When the formation of the film is completed, the mold on which the film has been formed is fed together with the glass substrate into the decompression chamber 40 shown in FIG. 9, and the decompression chamber 40 is decompressed to foam the film. FIG. 9 is a diagram of the decompression device used at this time. The glass substrate is automatically supplied into the chamber and decompressed to a certain degree of vacuum to form a honeycomb. The ultimate pressure at this time is 5 × 10 ² Pas, and the cured material is cured by irradiating ultraviolet rays with an ultraviolet irradiation device (not shown) as it is, and the film that has become a honeycomb structure after curing is taken out together with the glass substrate. It is. The height of the honeycomb at this time was about 100 μm.

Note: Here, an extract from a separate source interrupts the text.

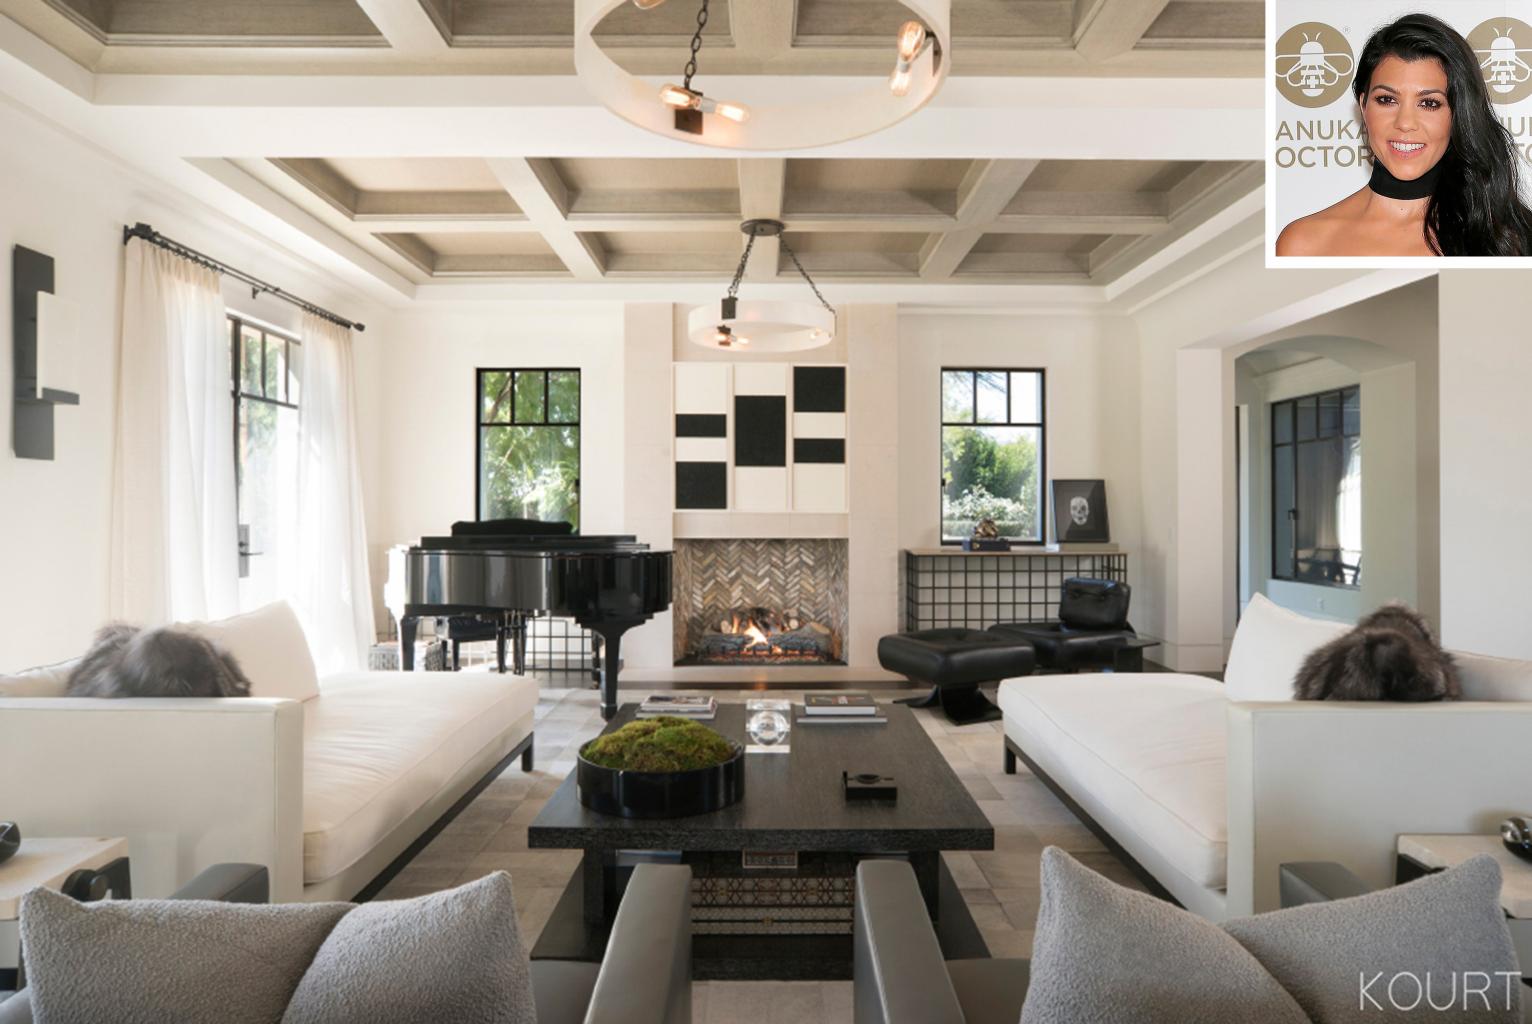 Kourtney Kardashian       's Stunning Living Room Includes a Sentimental       '  and Huge       '  Present from Kris Jenner

  Thereafter, the honeycomb film can be released from the mold to form a honeycomb structure. When functional material is injected into the honeycomb formed at this time, it is injected from the opening formed in the mold release surface. If the opening is insufficient depending on the mold shape, the opening diameter is controlled by exposing soluble material. May be. Further, this was sealed with a polymer material, and an image was displayed by applying an electric field of 10V.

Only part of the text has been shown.